**DATA SHOWN:**
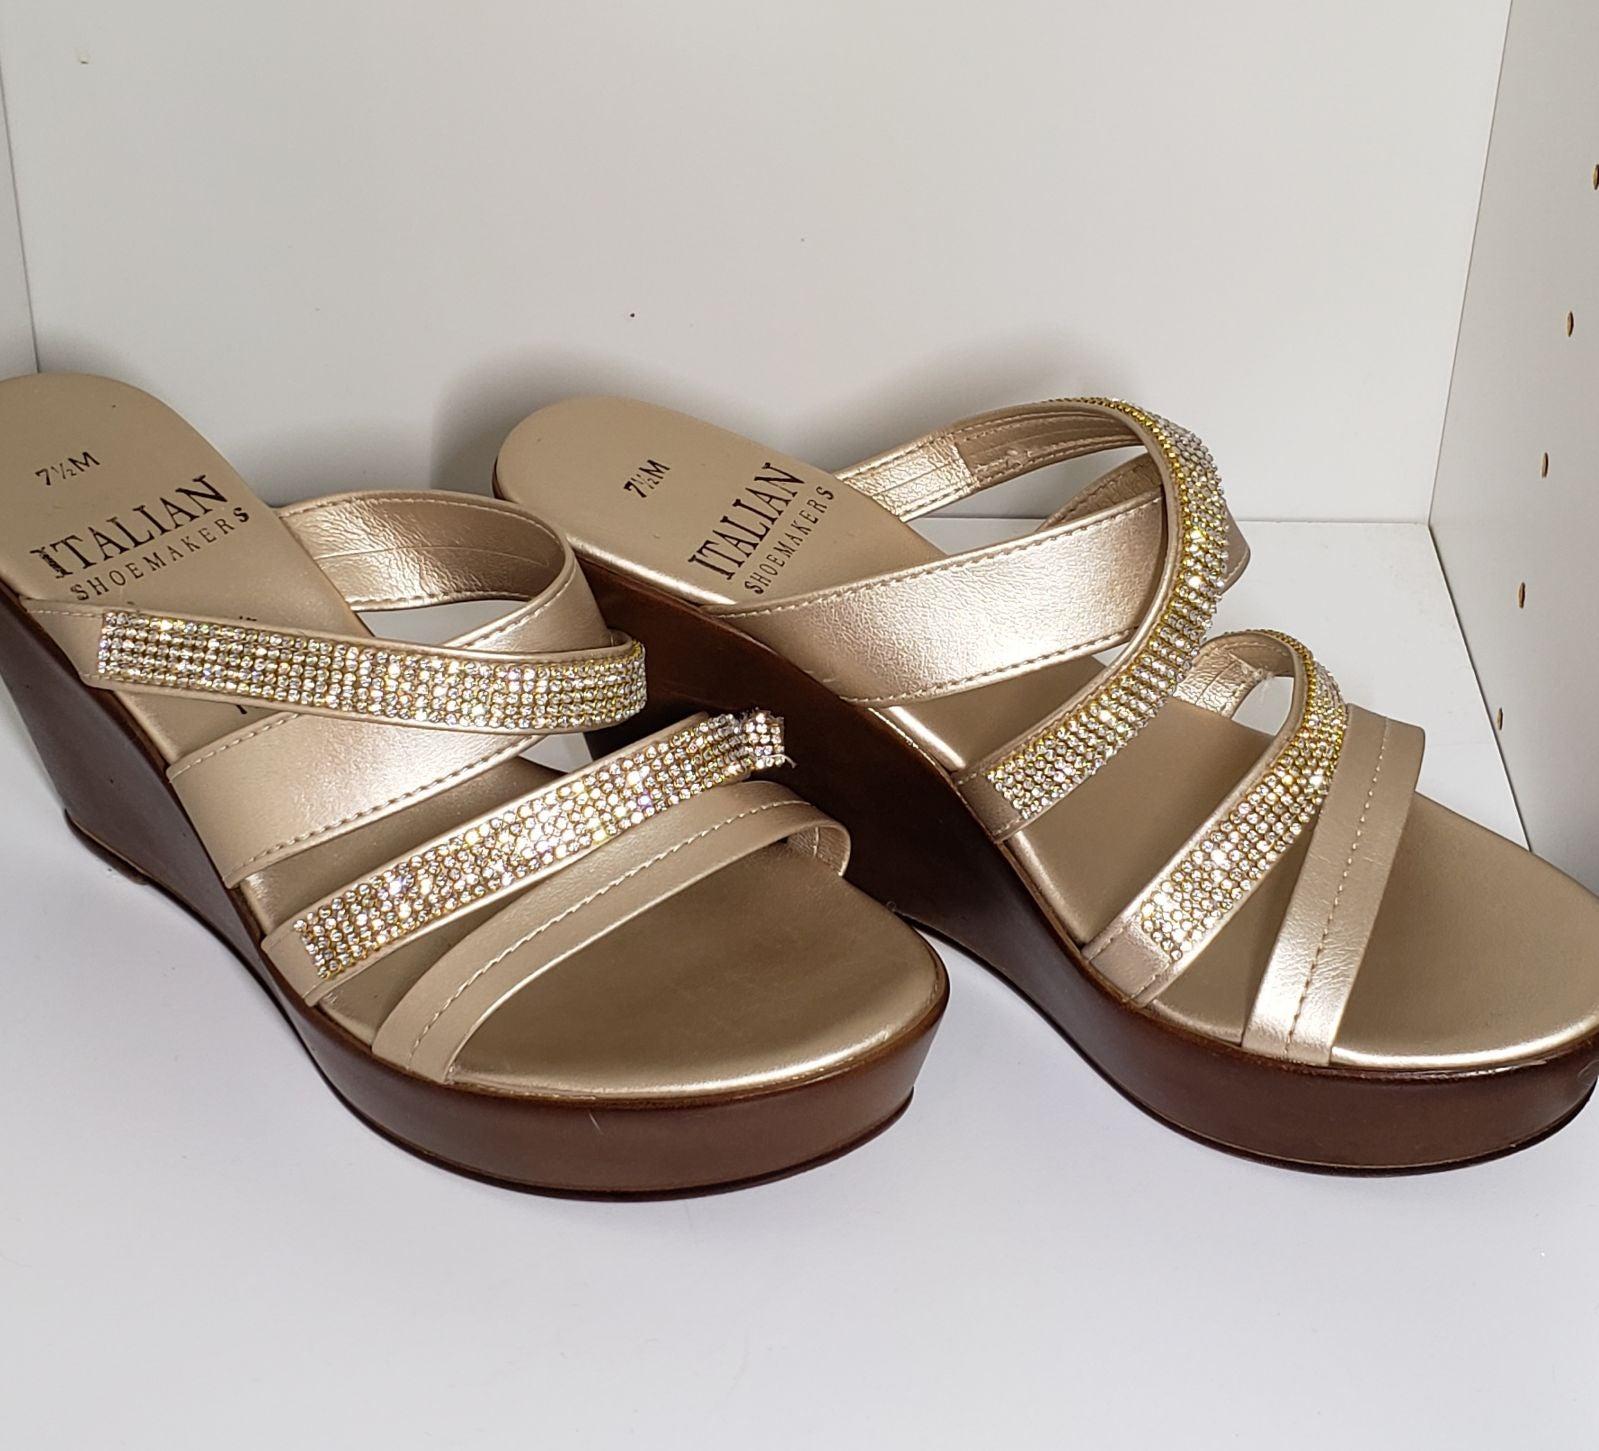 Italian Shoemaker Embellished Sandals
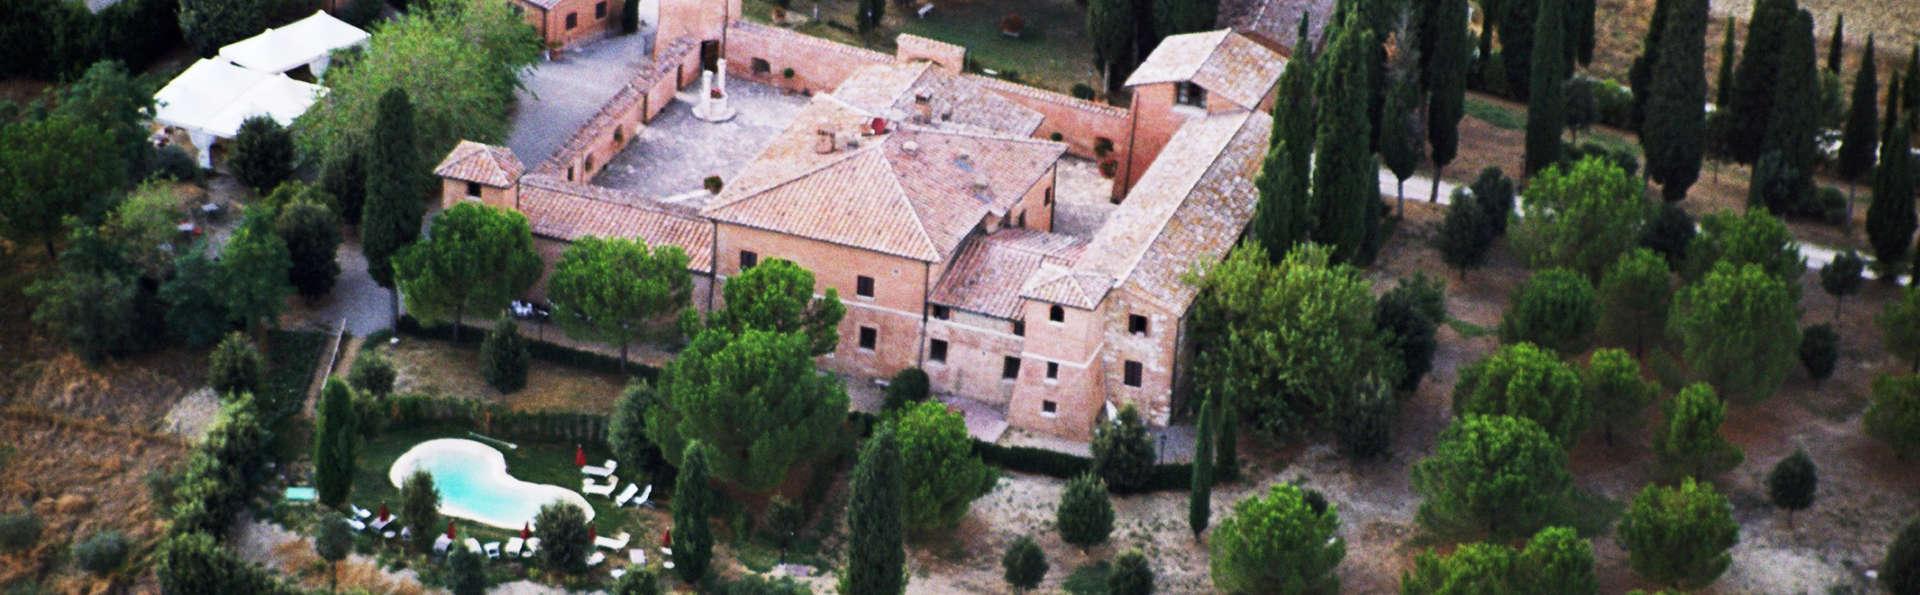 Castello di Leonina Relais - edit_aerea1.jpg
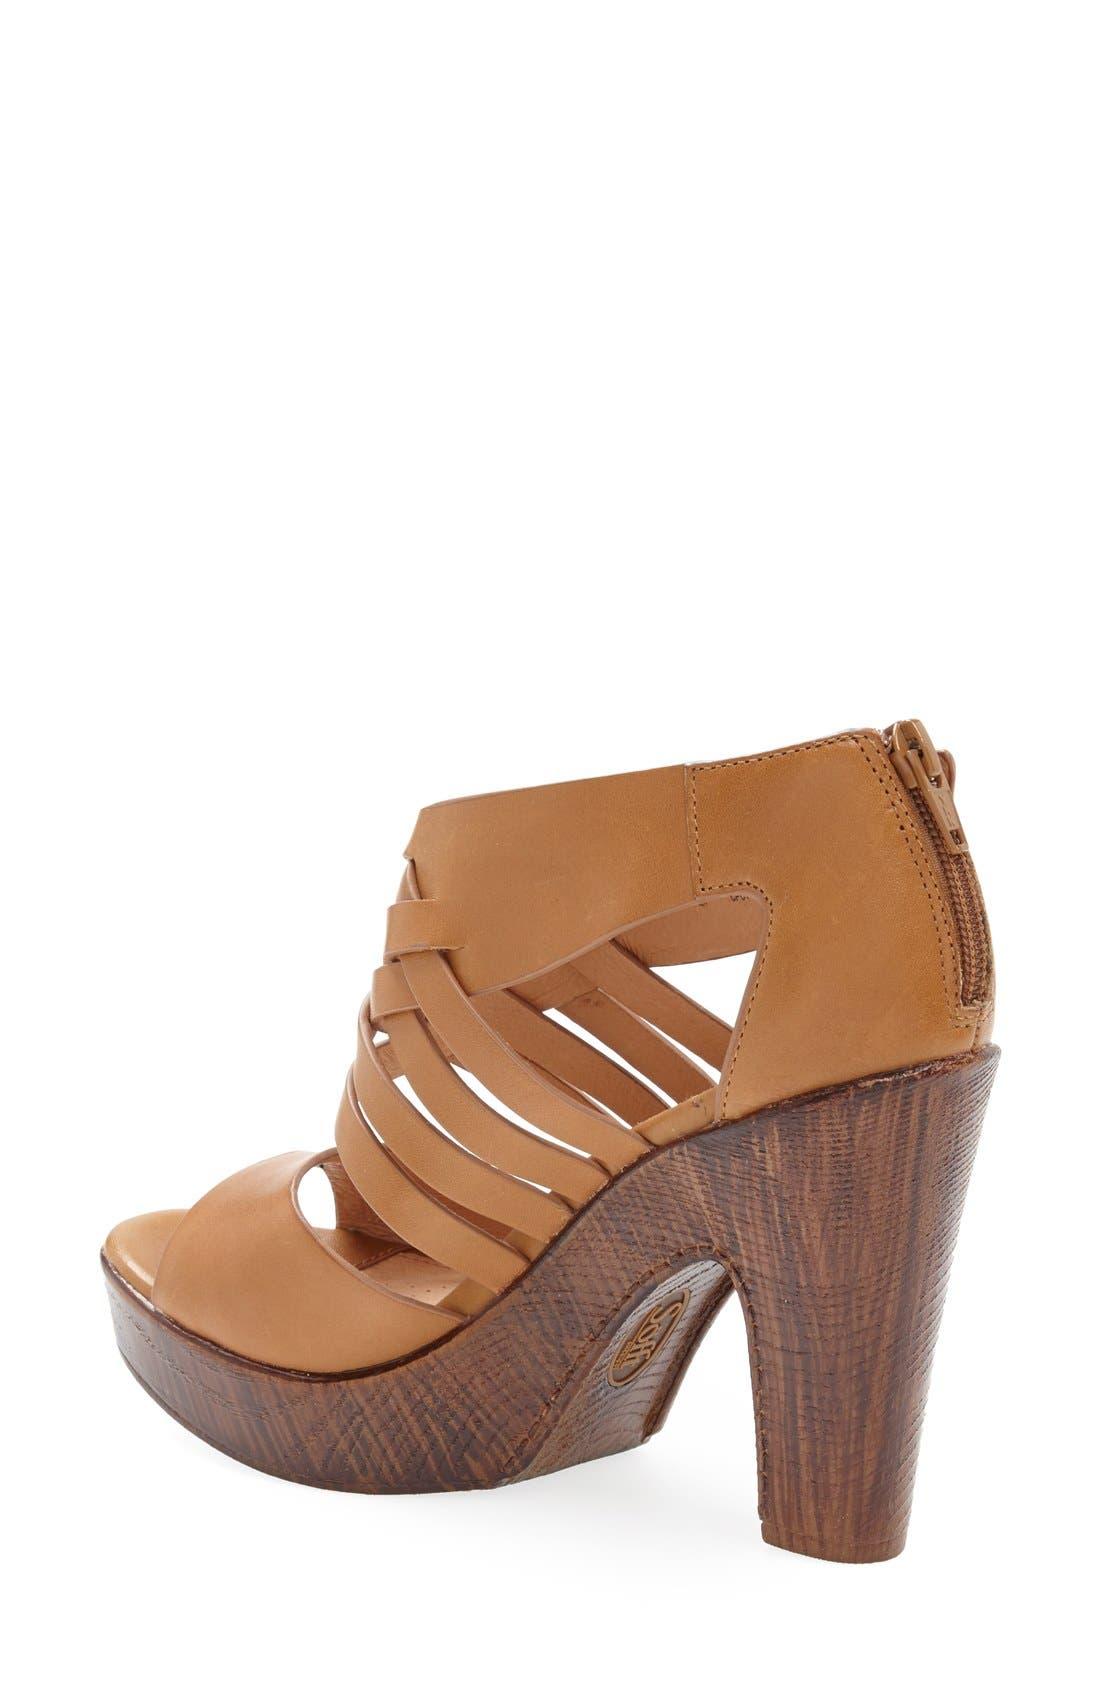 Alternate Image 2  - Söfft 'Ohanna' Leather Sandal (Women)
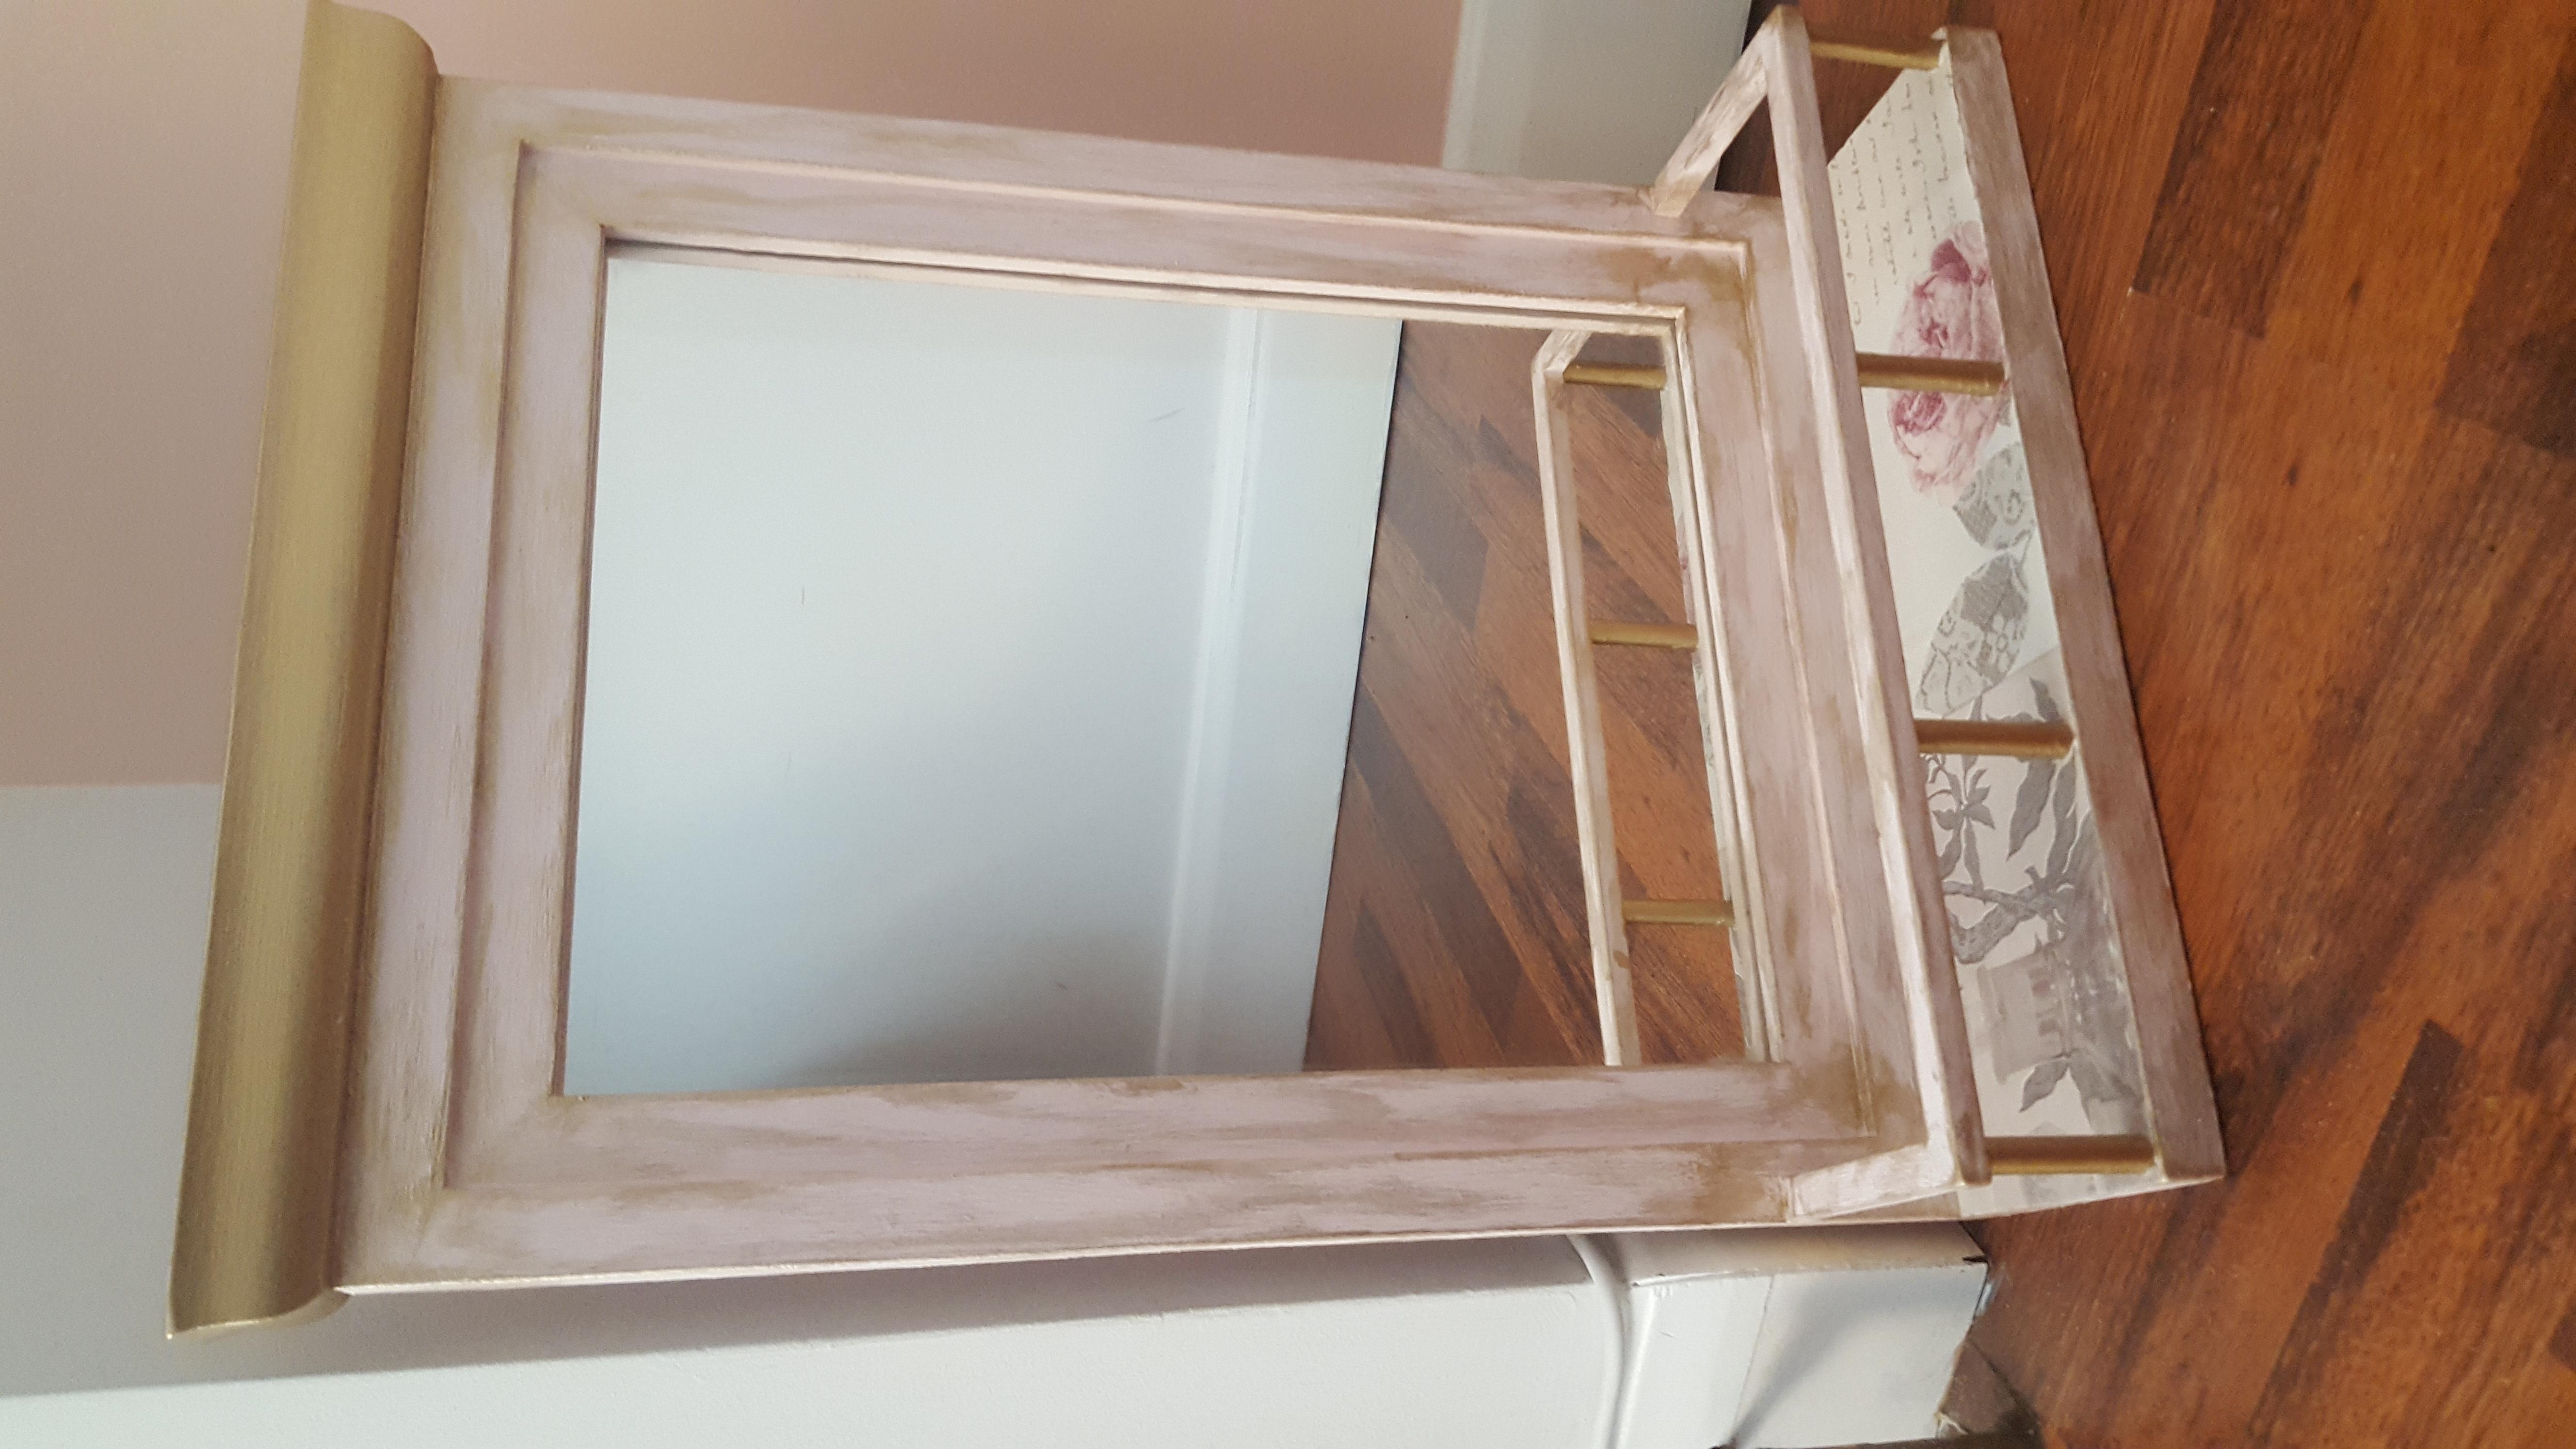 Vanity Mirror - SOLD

**TO DO:**
Line by line, return the listing above exactly, dropping every picture.

**REPLY:**
 Italian Shoemaker Embellished Sandals
 Castello di Leonina Relais - edit_aerea1.jpg
 Alternate Image 2  - Söfft 'Ohanna' Leather Sandal (Women)
 Vanity Mirror - SOLD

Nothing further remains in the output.